::: Data excerpt
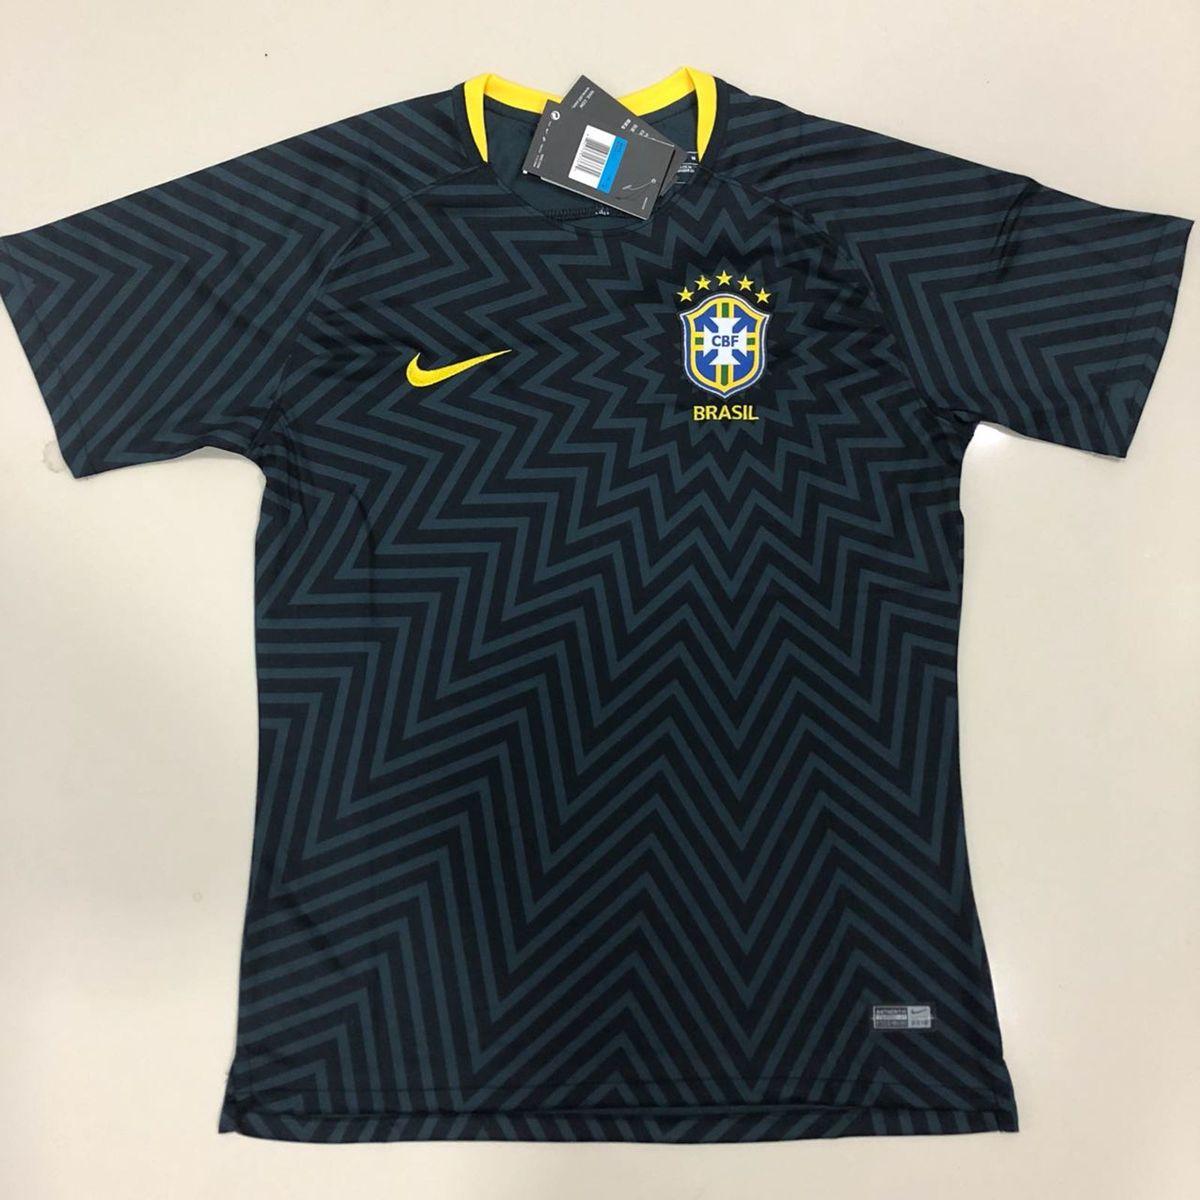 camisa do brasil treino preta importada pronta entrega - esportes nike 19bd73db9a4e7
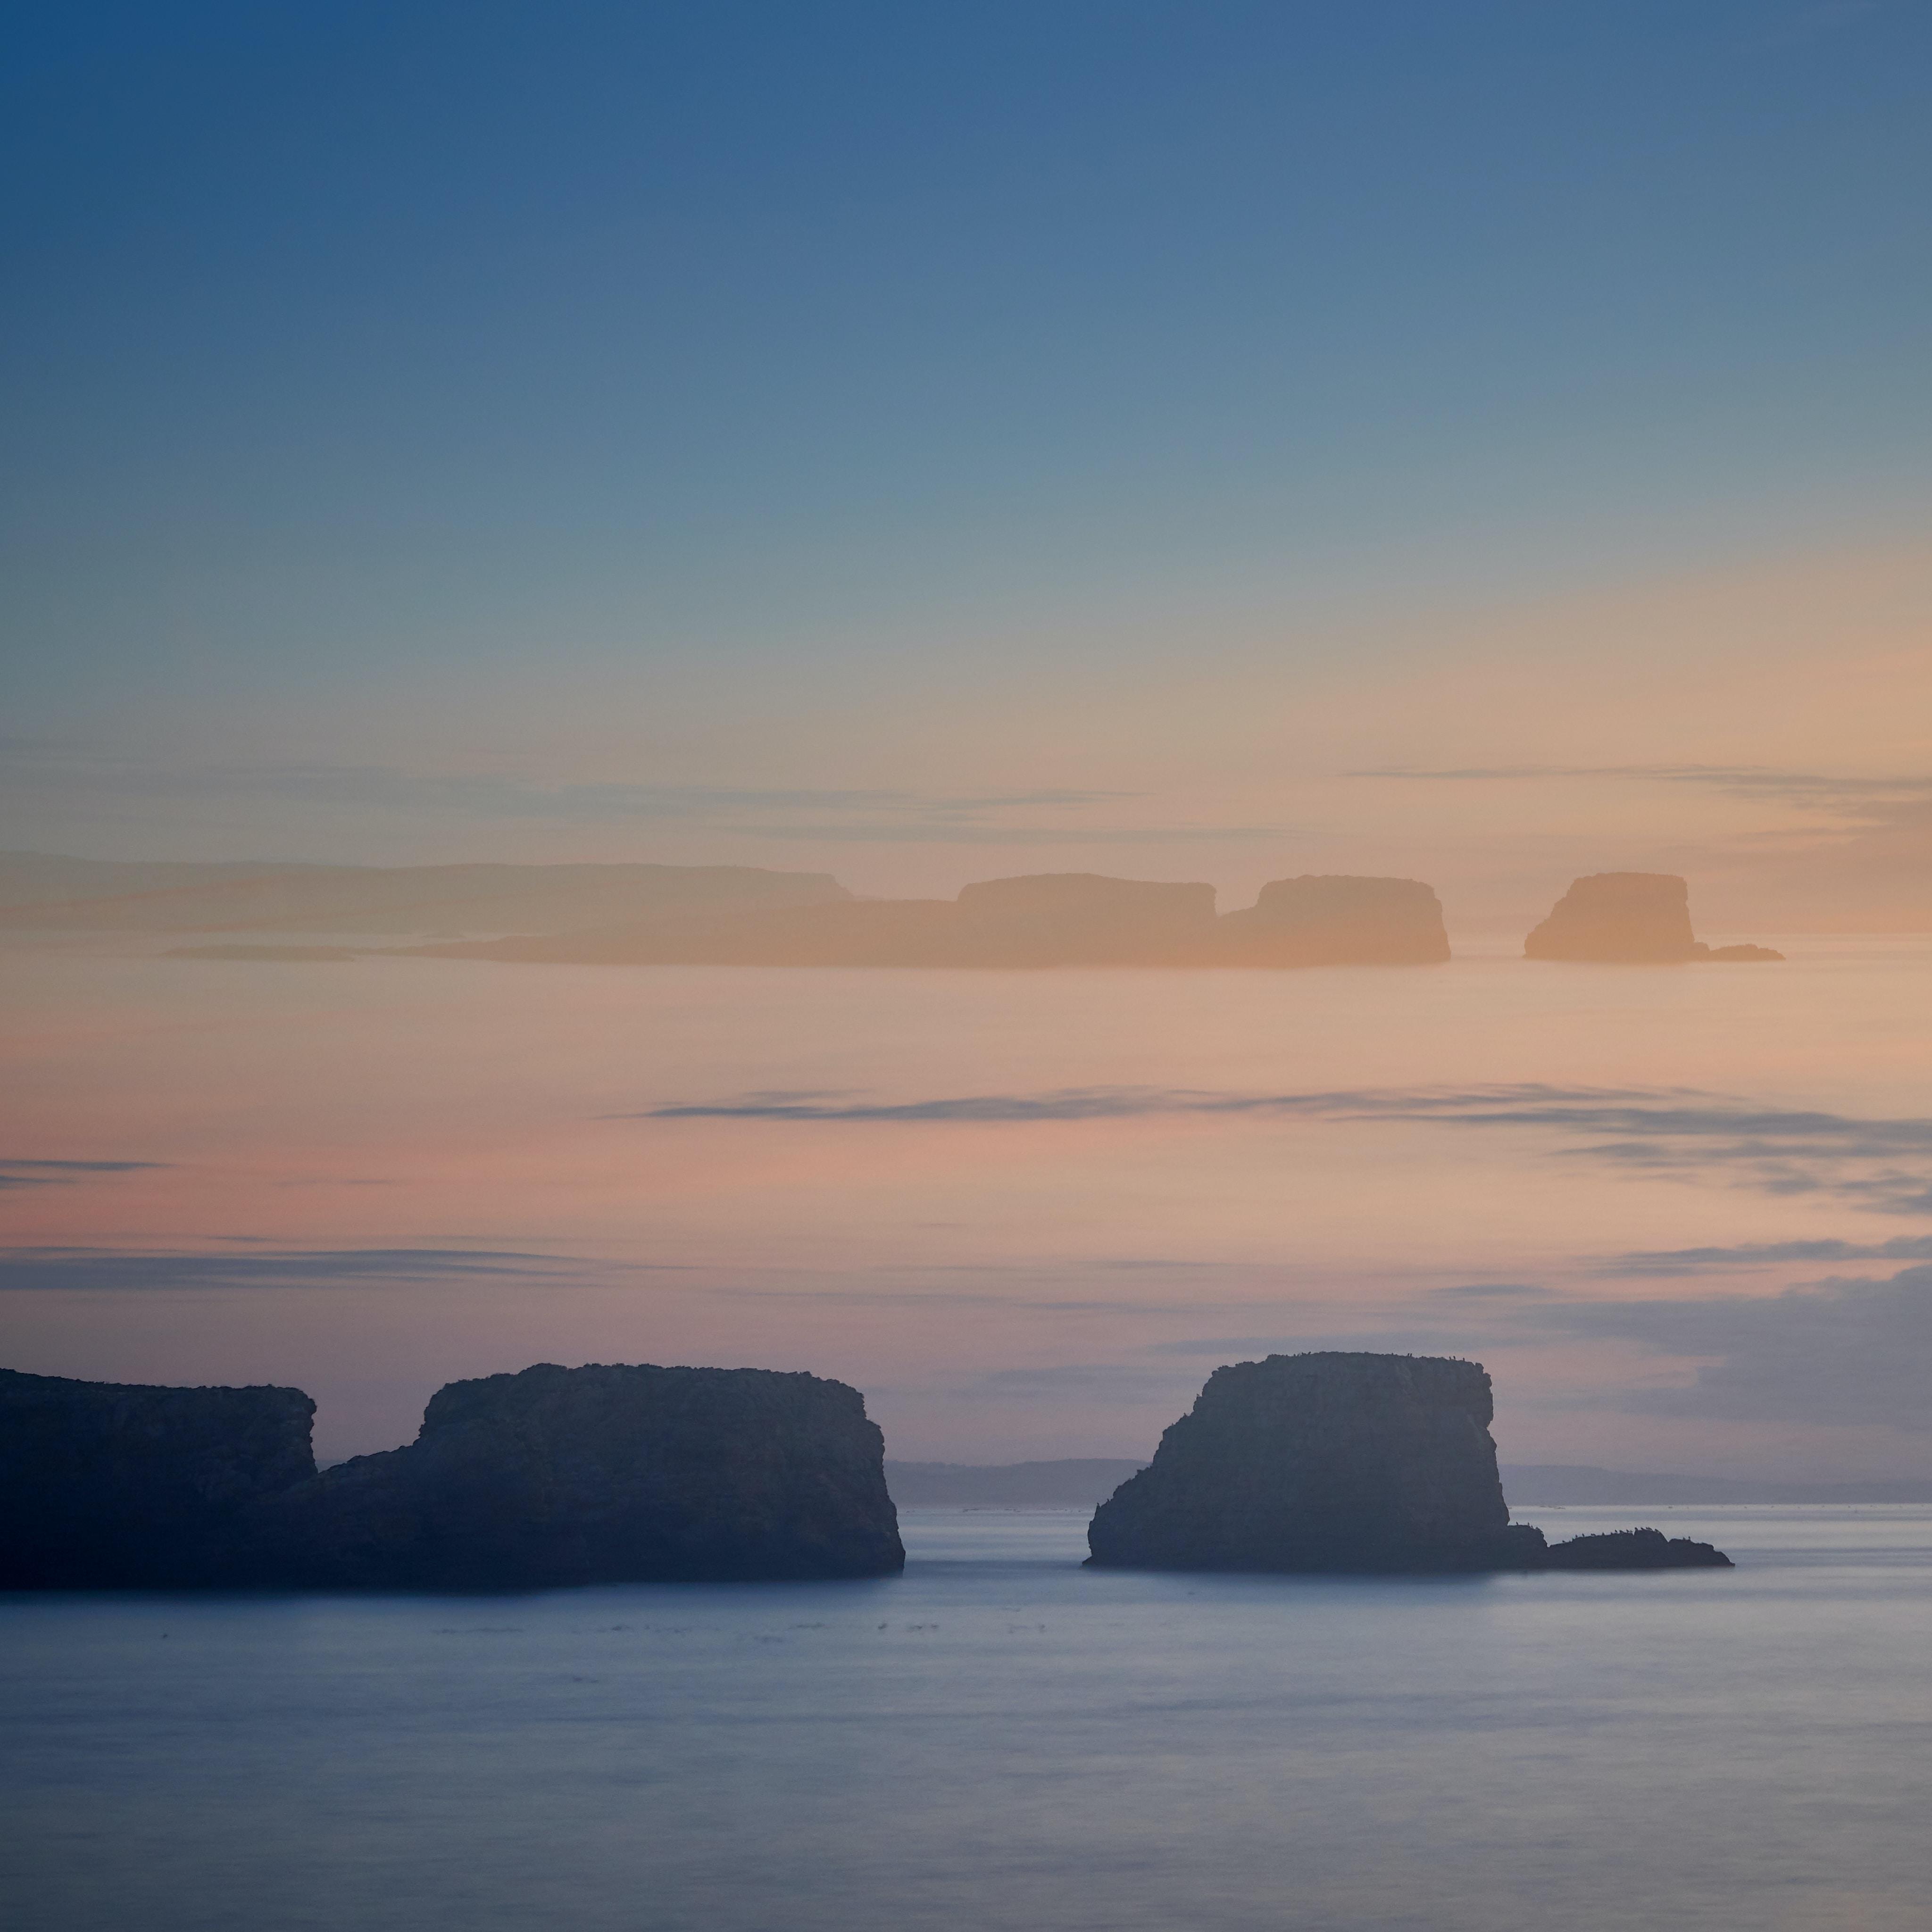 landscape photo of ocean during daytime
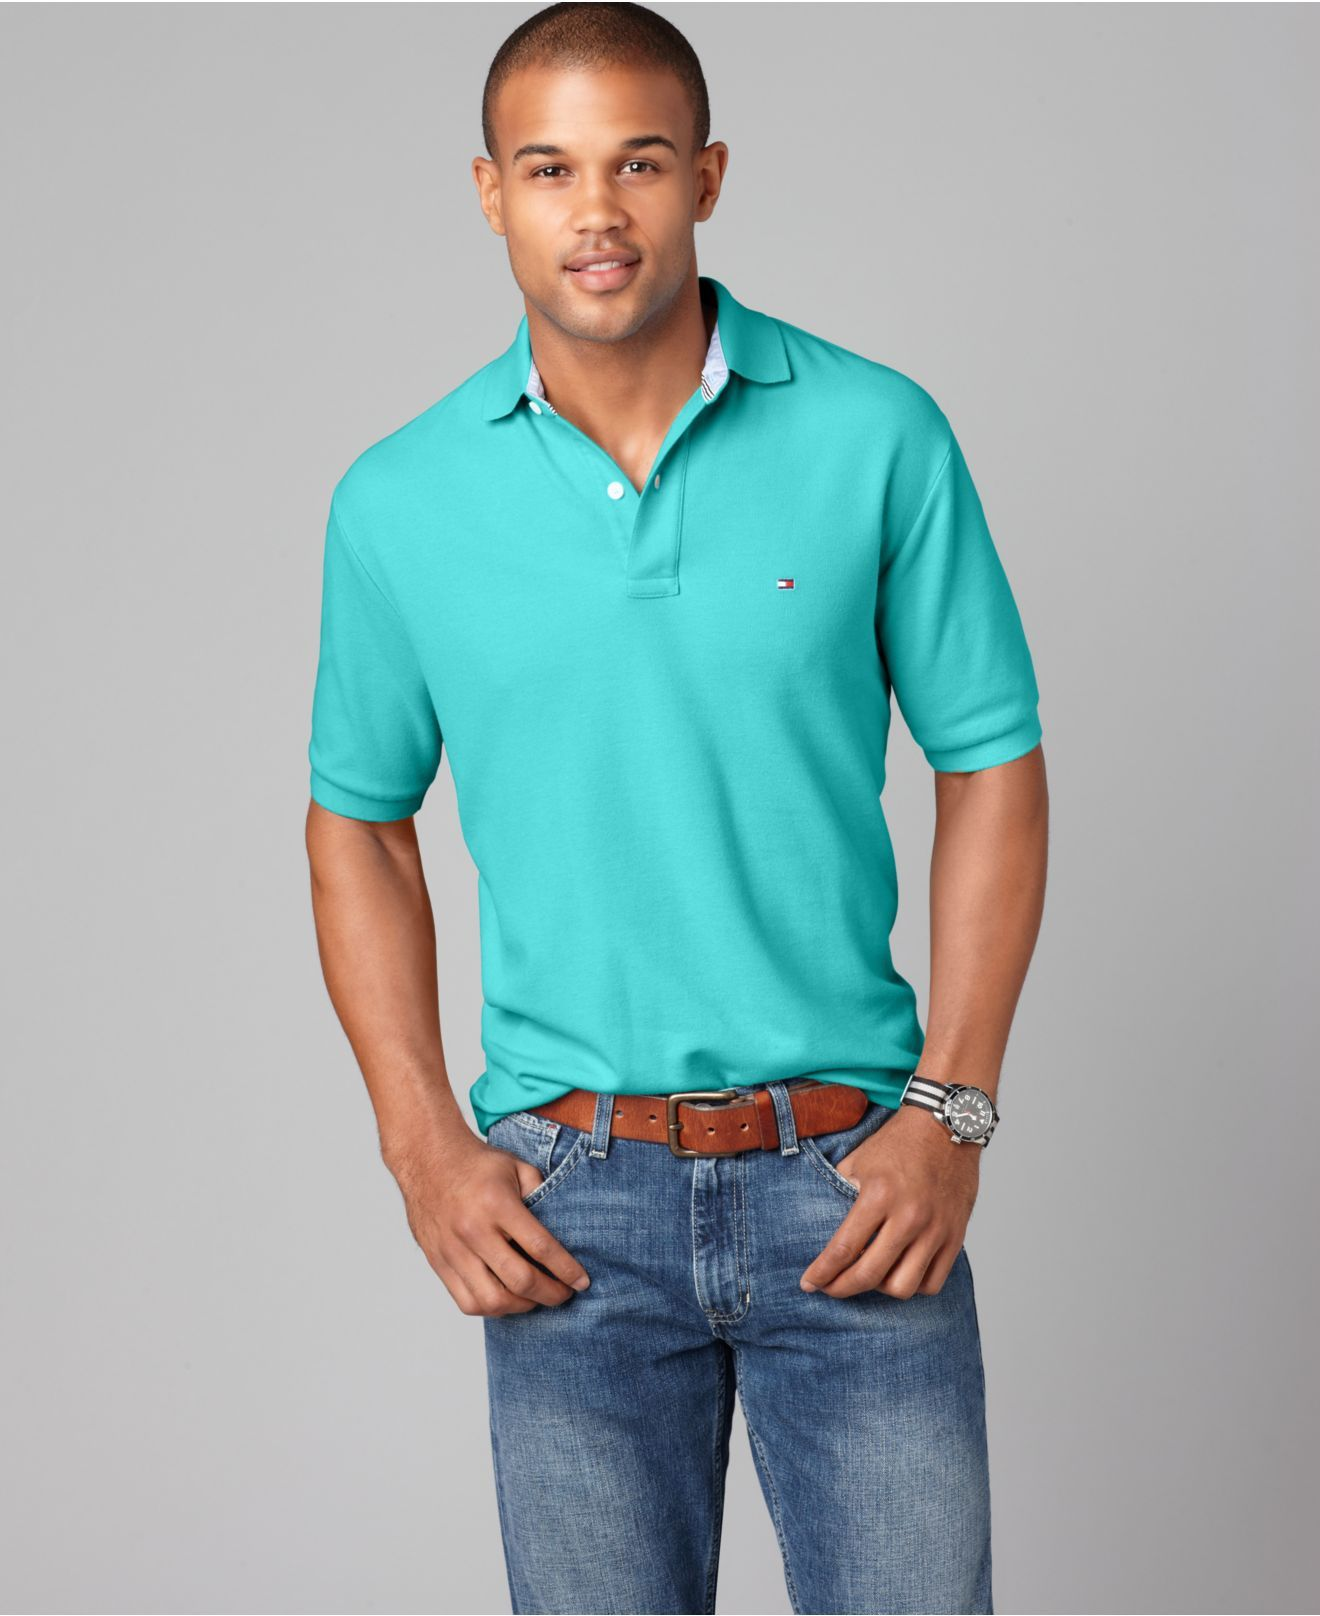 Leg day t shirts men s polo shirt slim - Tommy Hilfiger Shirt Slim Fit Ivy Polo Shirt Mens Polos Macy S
::::::
Quote the data exactly, leaving every image out of the copy.

Answer to this exercise ▸
 camisa do brasil treino preta importada pronta entrega - esportes nike 19bd73db9a4e7
 landscape photo of ocean during daytime
 Leg day t shirts men s polo shirt slim - Tommy Hilfiger Shirt Slim Fit Ivy Polo Shirt Mens Polos Macy S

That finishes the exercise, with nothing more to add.